L A prévalence de l'allergie à la cacahuète augmente depuis les années quatre-vingt-dix, elle atteindrait 1,9 % des enfants et 0,5 % des adultes. La prévention de cette allergie soulève plusieurs problèmes. Celui des conseils à donner aux patients pour éviter l'allergène, qui ne sont pas partagés par tous les allergologues : de l'éviction totale des fruits à écales (noix, noisettes...) à la liberté alimentaire complète, à l'exception des cacahuètes. En matière d'autotraitement, on constate les mêmes disparités : certaines personnes sont dotées d'un stylo pour injection d'adrénaline intramusculaire après une réaction cutanée mineure, alors que d'autres, avec un antécédent de manifestation systémique, n'ont pas de seringue d'adrénaline.
Pour tester la pertinence d'un programme d'éducation et de prise en charge adaptée, une cohorte anglaise a suivi 567 personnes identifiées comme allergiques à la cacahuète, à la suite d'une réaction (quelle que soit sa gravité) et de tests cutanés positifs. Des conseils alimentaires pour éviter tout ce qui peut contenir des produits dérivés de la cacahuète leur ont été donnés soit directement, soit par l'intermédiaire des parents ou des instituteurs (savoir lire et comprendre les étiquettes...). En parallèle, les patients ont appris à classer leur réaction allergique en trois catégories en fonction des symptômes (légère, modérée, sévère) et à leur faire correspondre un protocole thérapeutique, selon la gravité : antihistaminique (anti-H2) oral, anti-H2 + adrénaline inhalée, anti-H2 + adrénaline inhalée + injection d'adrénaline intramusculaire.

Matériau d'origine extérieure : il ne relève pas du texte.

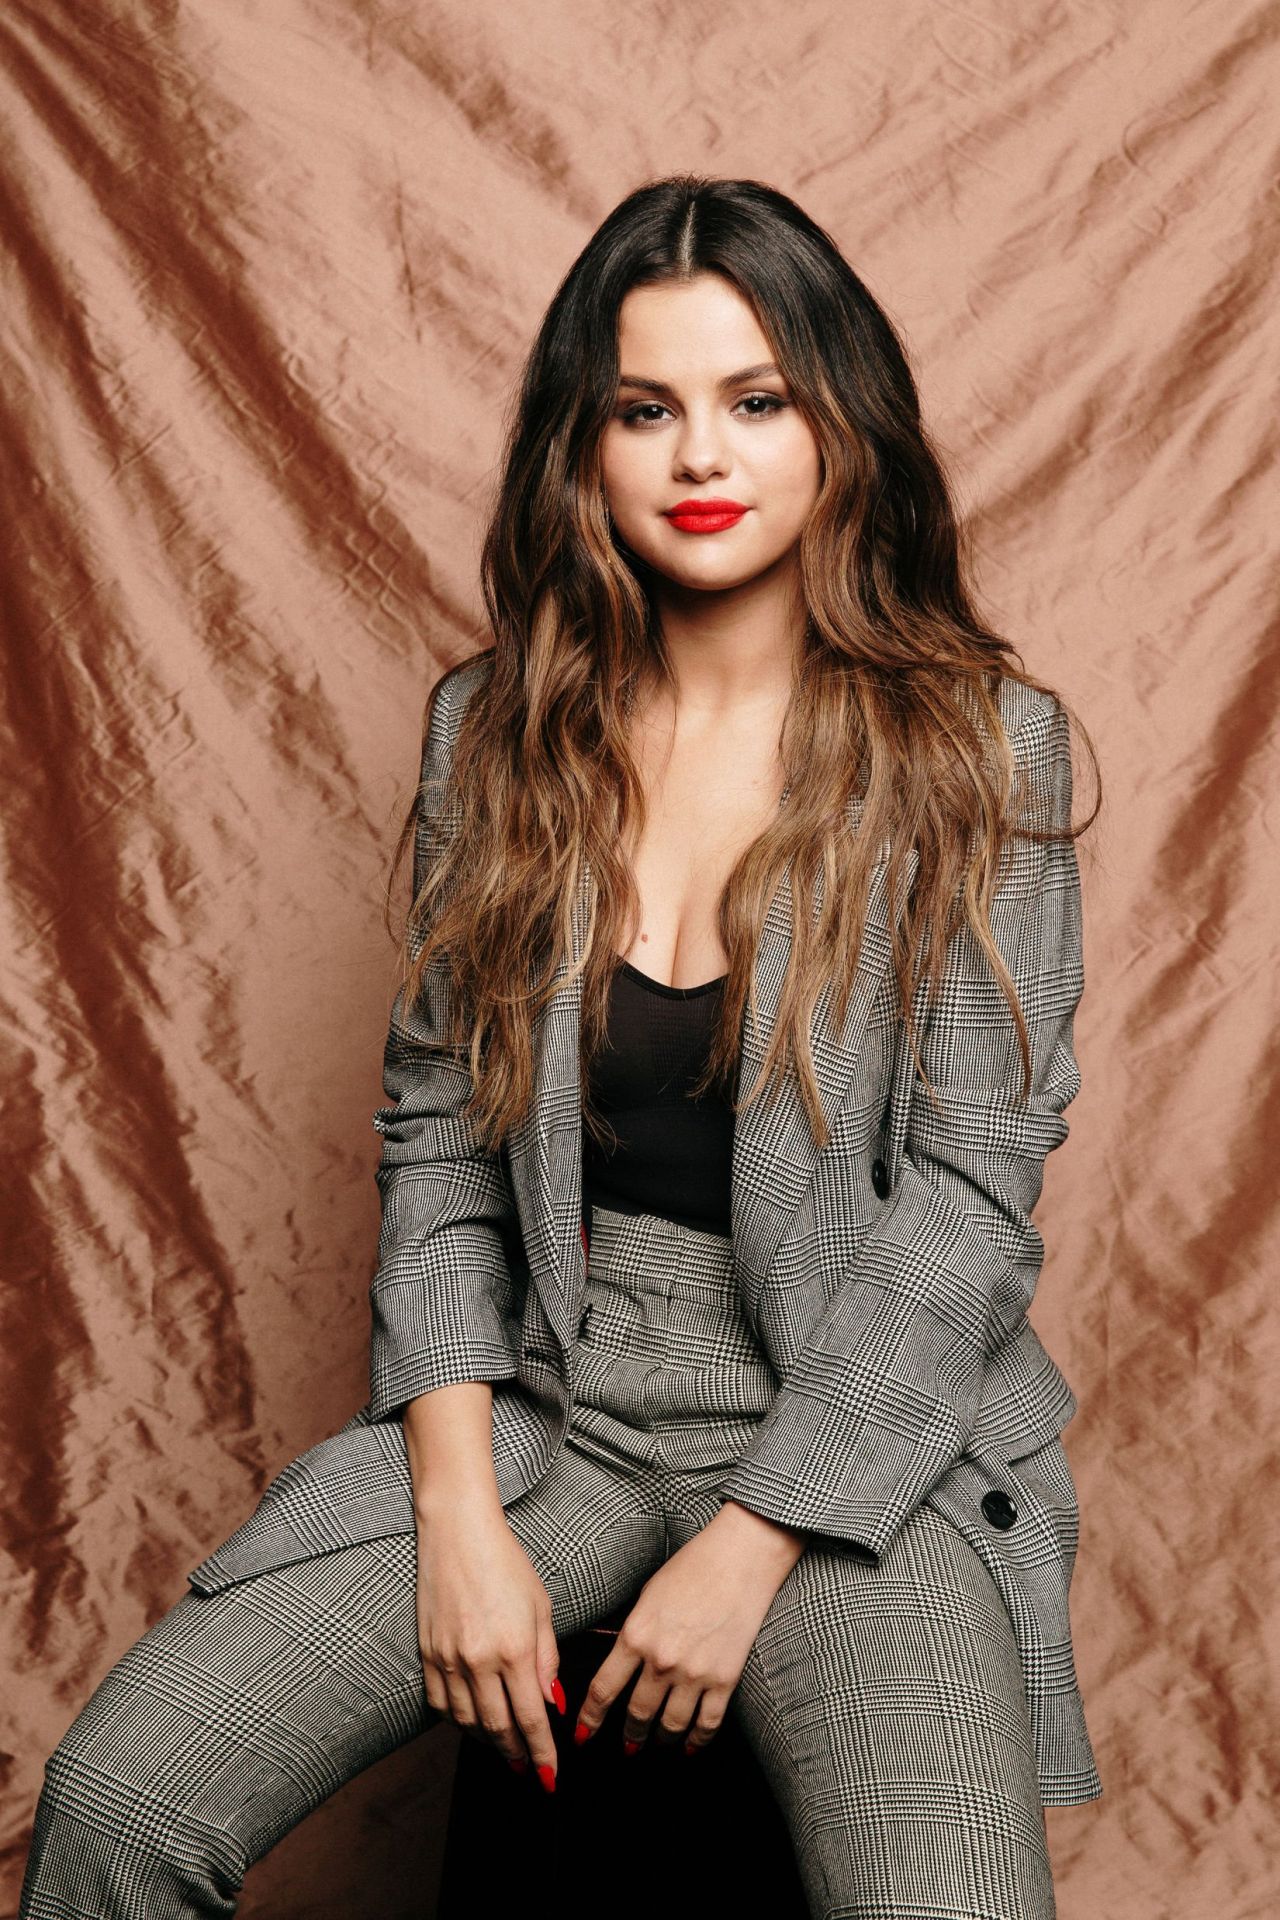 Selena Gomez Burbank November 14, 2019 – Star Style
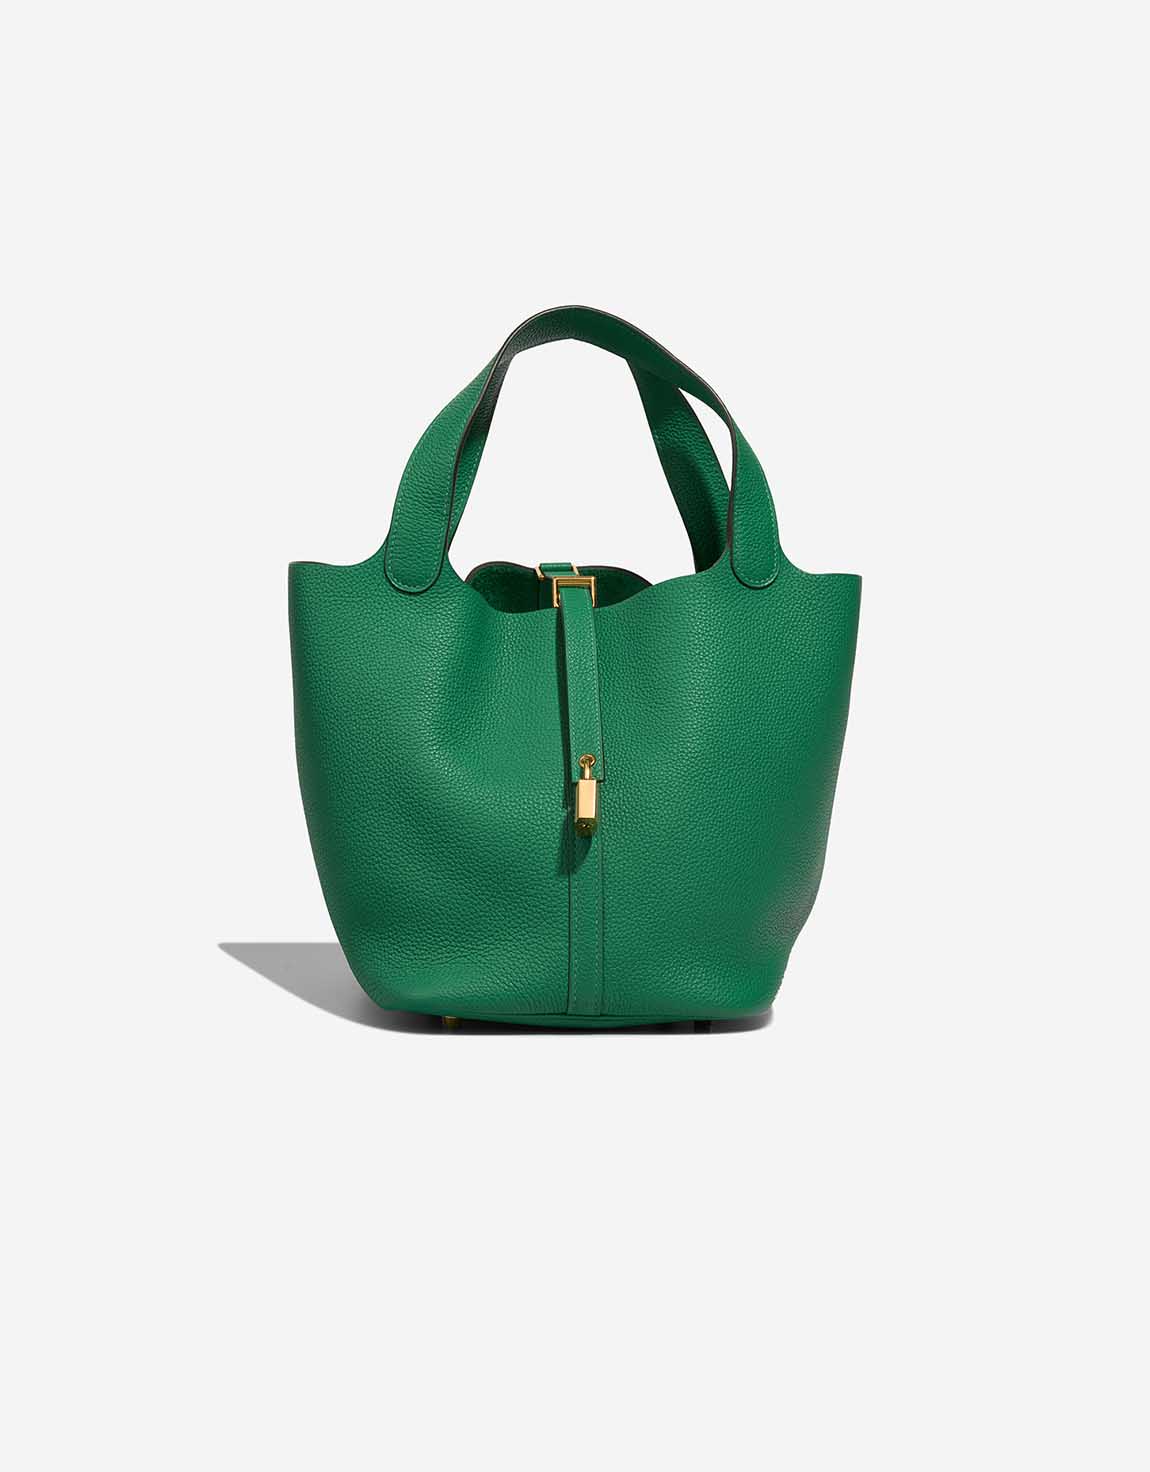 Hermès Picotin 22 Taurillon Clémence Vert Jade | SACLÀB

Manifestations allergiques mineures
Avec un suivi de deux ans, 15 % (n = 88) des personnes ont récidivé, la majorité (85 %) sous la forme de manifestations allergiques mineures. Trois (0,5 %) ont fait une crise sévère ayant nécessité de l'adrénaline intramusculaire (deux d'emblée et un après échec du protocole antérieur).
« Ces résultats sont très bas comparativement à la fréquence habituelle des récidives, fait remarquer dans un éditorial le Dr David Hill, de Victoria (Australie). Des études ont décrit un taux de réapparition des réactions allergiques aux fruits à écales de 50 % à un an.» Pour ce spécialiste, plusieurs facteurs peuvent avoir minimisé le nombre de récidives allergiques : l'absence de critères d'inclusion stricts (pas de seuil de positivité requis pour les prick tests), la possibilité de rémission spontanée qui peut atteindre 20 % chez l'enfant et le nombre important de perdus de vue (n = 154) qui a minimisé la puissance de l'étude.
Une autre remarque de l'éditorialiste australien concerne les protocoles thérapeutiques conseillés aux patients. « Sachant que de 38 % à 44 % des allergies modérées vont donner ultérieurement des réactions anaphylactiques sévères, potentiellement mortelles, il n'est pas licite de se passer de l'adrénaline intramusculaire car c'est un traitement fiable et rapide. Il est par ailleurs difficile de faire accepter des inhalations répétées d'adrénaline chez l'enfant, pourtant indispensables pour obtenir des concentrations plasmatiques d'adrénaline suffisantes.» Pour le Dr Hill, l'adoption de ce type de protocole thérapeutique est prématuré. L'éducation de l'allergique en matière de produit contenant l'allergène, (principalement la protéine Ara h 1) est bien sûr à encourager. « Mais l'utilisation croissante des arachides et produits dérivés (huiles...) dans les restaurants et dans l'alimentation industrielle rend la tâche difficile. La cacahuète devient un produit "contaminant" dans des aliments qui ne sont pas censés en contenir. Seul le test de déclenchement oral de l'allergie est un moyen d'identification stable. La taille de la réponse aux tests cutanés et le dosage des IgE spécifiques ne permet pas de prédire la gravité de la réaction ultérieure », a rajouté le Dr Hill.
P. Ewan et A. Clark, « The Lancet », vol. 357,13 janvier 2001, pp. 111-115 et D. Hill, p. 88.